Артем замер: «И кто же ты такой? Фадеев? Нет! Фрост? Нет, не он. А кто?»
— С кем я говорю?
— У меня нет времени, адвокат!
Резкий гудок и вязкая тишина отбросили Павлова от телефонной трубки. Он еще набирал воздух в легкие для ответа, как дверь квартиры Шлица распахнулась, и на пороге возникла заплаканная Медянская:
— Это вы? Что вы здесь делаете, Артемий Андреевич? Что происходит?
Пара мокрых воспаленных глаз изучала адвоката столь пугливо, что Артем растерялся. Он чувствовал себя так, словно его застигли за каким-то незаконным занятием.
— Виктория, извините… это недоразумение… то есть… на самом деле… я иду к вам… надо поговорить по делу. А здесь вдруг звонок…
— Какой звонок, Артем?
Она по-прежнему оглядывала замявшегося адвоката с недоверием и даже страхом. Павлов потер виски и потряс головой, чтобы избавиться от наваждения:
— Бр-р-р-рр! Ффуу-у! Виктория, очень странно это все! Сейчас все объясню. Дайте в квартиру хотя бы пройти! — Павлов сделал шаг вперед, и хозяйка отступила:
— Проходите…
Размолвка
Медянская куталась в длинную черную шаль и… курила. Вопреки собственному решению бросить. Артем прошел в дом, но на него не смотрели. Отстраненность и отчужденность — вот чем был пропитан воздух квартиры, и это неприятно задевало самолюбие адвоката. Артем присел на край огромного мягкого кресла и, не сводя глаз с тлеющего огонька сигареты Медянской, монотонно начал свой рассказ:
— Виктория Станиславовна, я по порядку. Все идет точно по плану, который мы с вами наметили. Регистрация приостановлена. Страховщики вот-вот выплатят все, что положено.
Реакция Медянской была равнодушной. Она мрачно затянулась сигаретой и повторила сказанное адвокатом:
— Все, что положено… — Она подняла пустые глаза на Артема. — А что и кому положено? Возможно, мне и положено страдать? Возможно, это моя судьба?
Артем ничего не понимал: ее словно подменили!
— Виктория! О чем вы говорите?!
— Не кричите на меня, — она перешла на еле слышный полушепот. — Я была на опознании…

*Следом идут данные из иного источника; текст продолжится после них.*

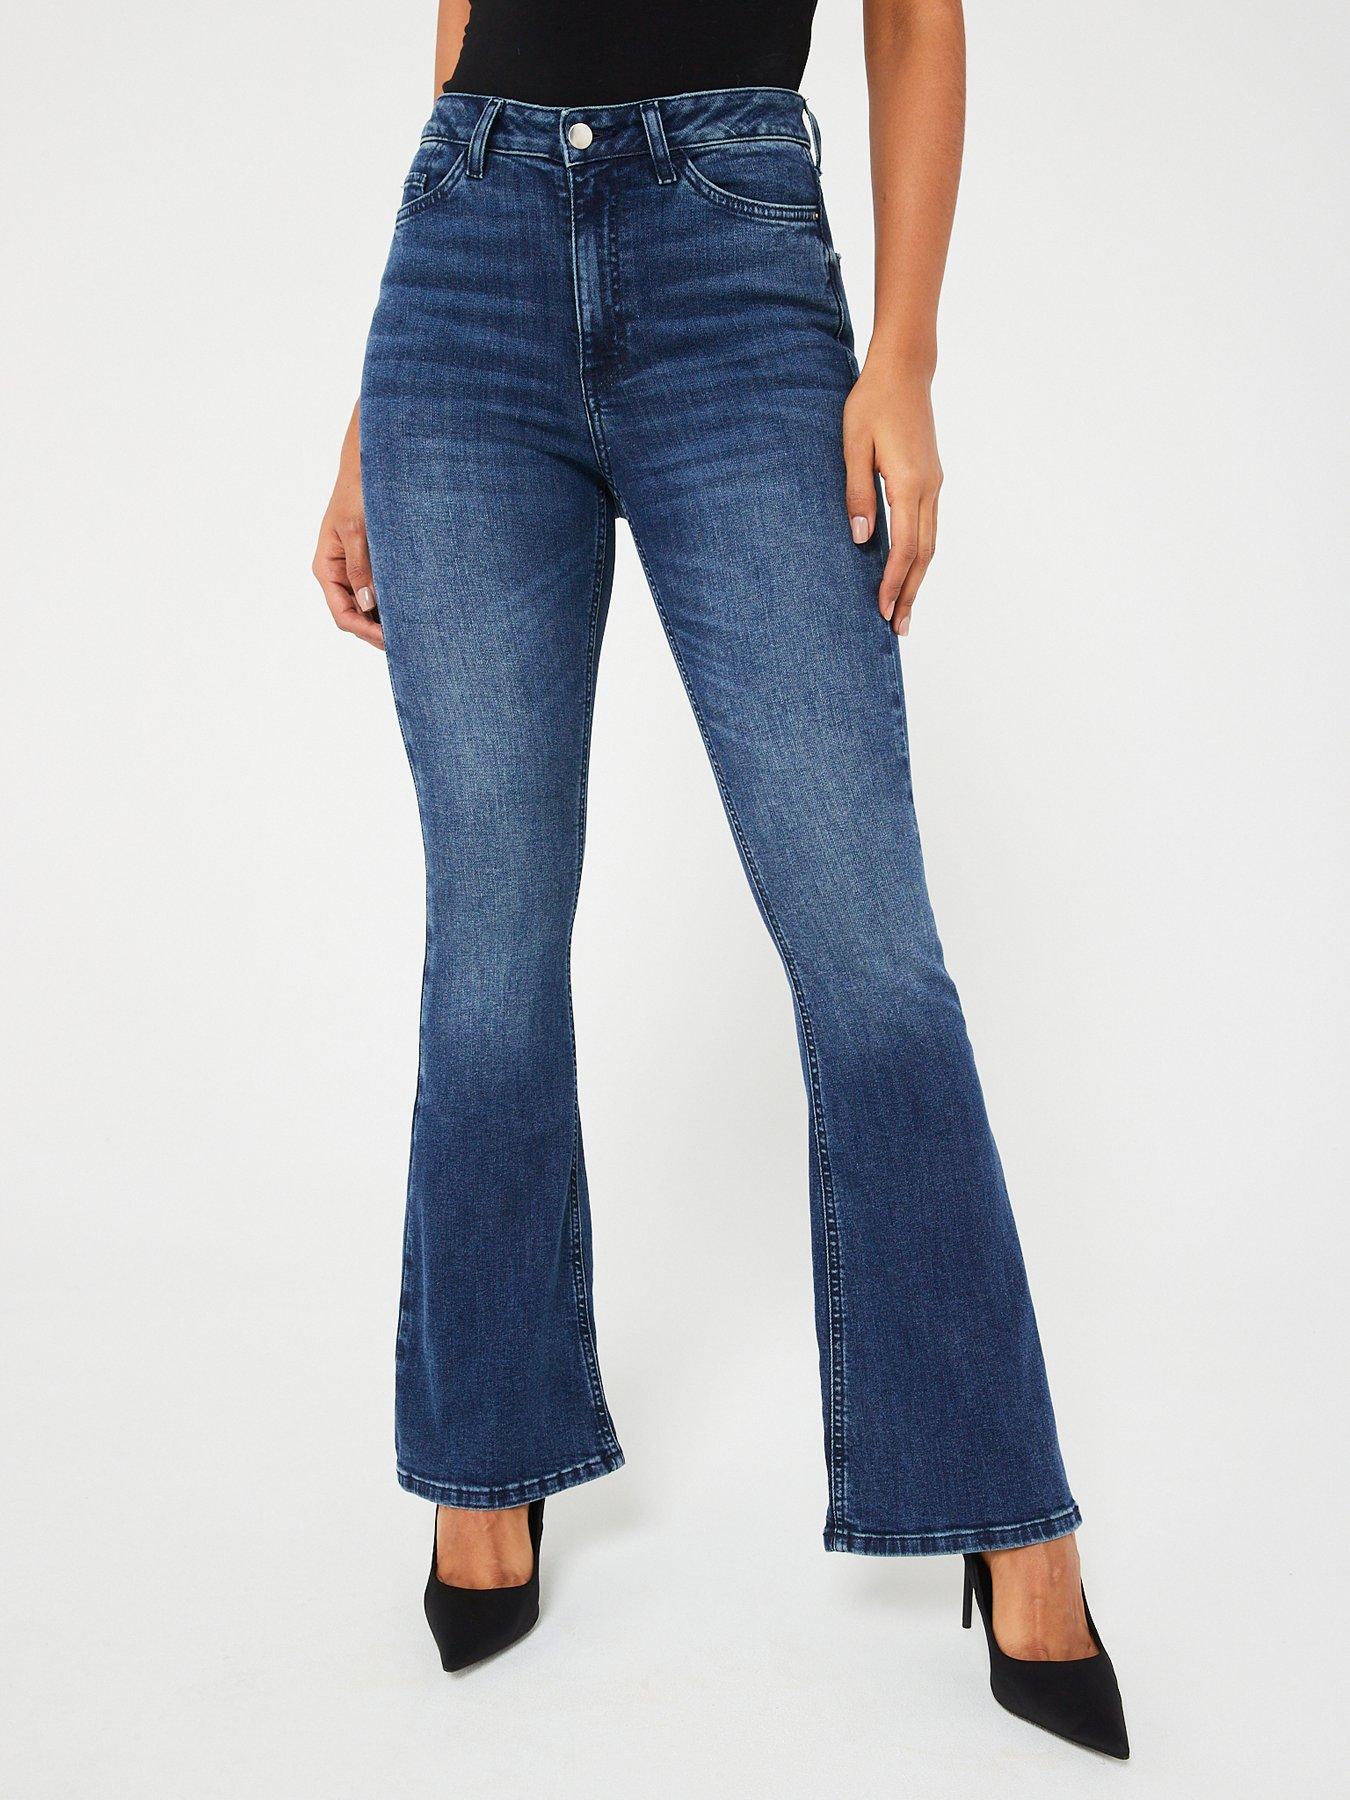 Flared Jeans For Women, Shop Flared Jeans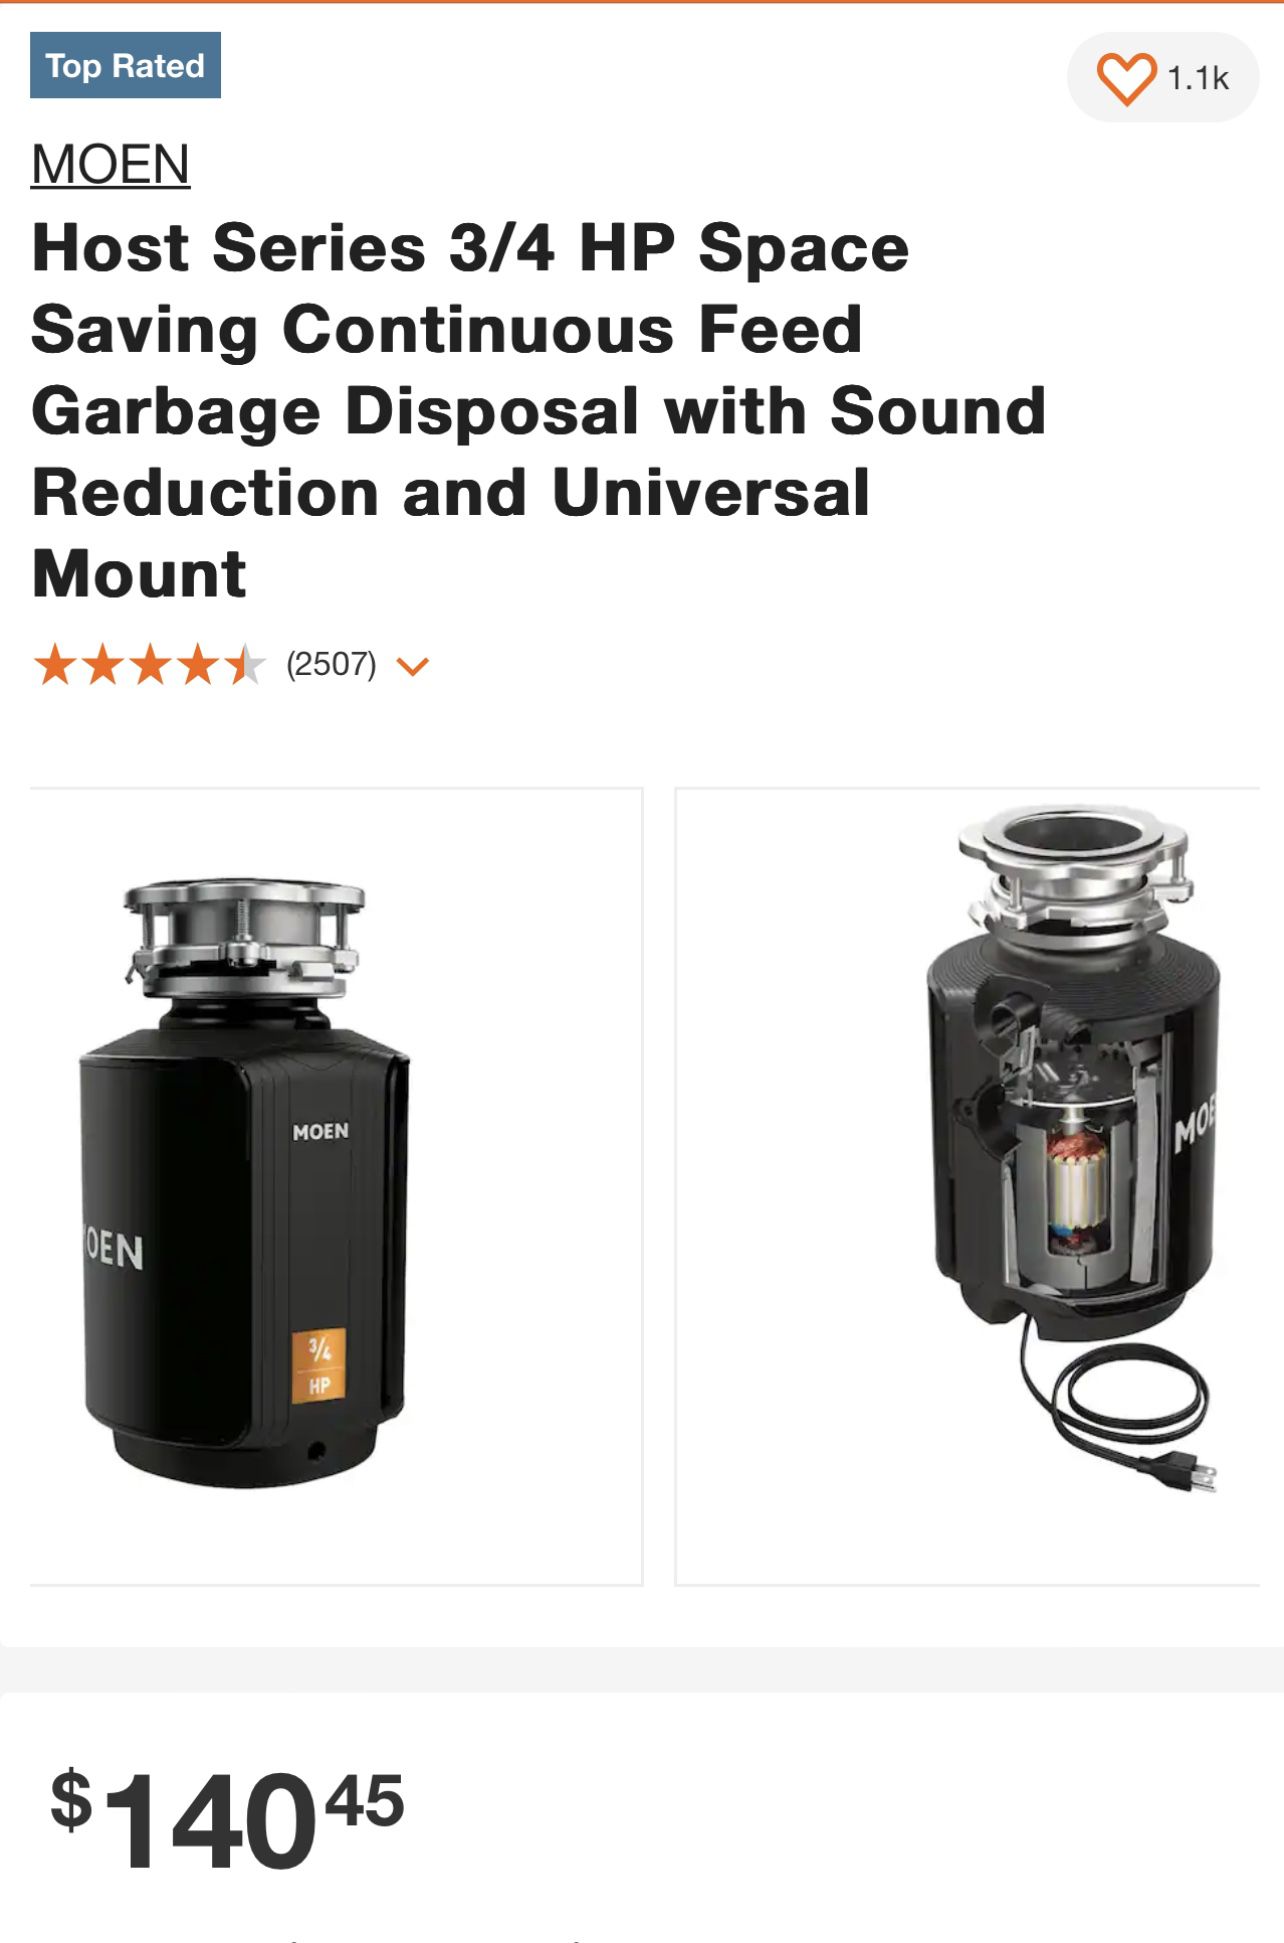 MOEN Host Series 3/4 HP Space Saving Continuous Feed Garbage Disposal with Sound  Reduction and Universal Mount for Sale in Tustin, CA OfferUp

Вдова глубоко затянулась и тут же закашлялась.
— Где? — брови Павлова полезли вверх. — О чем это вы?
— На опознании, — она всхлипнула, — смотрела на мертвого Ванечку Бессараба.
Артем обмер. Нет, не смерть Бессараба, скорее всего, насильственная, стала для него потрясением. Он узнал об этой смерти раньше Виктории. Просто ему показалось, что по поводу смерти этого бандита Медянская сокрушается гораздо сильнее, чем о гибели мужа. А Виктория продолжала всхлипывать и рассказывать:
— Ваня погиб. Он утонул. Упал в реку. На машине.
— Я знаю.
Медянская уронила недокуренную сигарету и вытаращила
— Как?! Вы знали? Как же… вы… Почему?! Почему вы не сказали!
Артем сосредоточился:
— Виктория Станиславовна, я не успел вам об этом сказать, потому что сам узнал только что. Этот факт следствие некоторое время скрывало. Видимо, они пытались из него сделать сенсацию. Что, в общем, и получилось. В общем, это была ИХ игра. Я в нее не хотел втягиваться и вас не хотел втягивать.
Медянская недовольно сдвинула брови, и Артем тут же перекинул вопрос обратно вдове:
— А вы? Почему не предупредили, что вас на опознание вызвали? Как так получилось? Я же адвокат потерпевшей стороны. Вы меня специально для этого наняли. Зачем было ехать одной? А?
— Не знаю… как-то все быстро произошло…
Медянская пожала плечами и закуталась еще плотнее в свою шаль-покрывало. Она не могла внятно объяснить, почему побежала по первому зову оперативников, которые позвонили ей и сказали, что нашли тело Ивана Бессарабского и просят ее опознать его. Видимо, она действительно переживала за него не меньше, чем за Иосифа. Он часто был рядом, всегда имел свободный доступ в дом. Даже ночевал часто у них. И Виктория никогда даже не задавала такого вопроса: кто для нее Иван? Это было ясно: друг, близкий и доверенный человек. Именно поэтому она пребывала в полном недоумении по поводу нелепых выводов следствия о причастности Вани к гибели Иосифа. Медянская не верила, но доказать ничего не могла. Услыхав о гибели друга, она и не вспомнила о Павлове. Ценность и важность этих двоих для нее была несоизмерима и несравнима. Легкое чувство не стыда, а скорее некой неловкости, безусловно, осталось. Она чуть смягчила свой взгляд и вздохнула:
— Да и какое это теперь имеет значение, Артем? Я уже все подписала. Я узнала его. Мне дали бумаги, и я их подписала. Возможно, я и погорячилась… Ну уж такая я! Какая есть. Не переделать. Извините, господин поверенный.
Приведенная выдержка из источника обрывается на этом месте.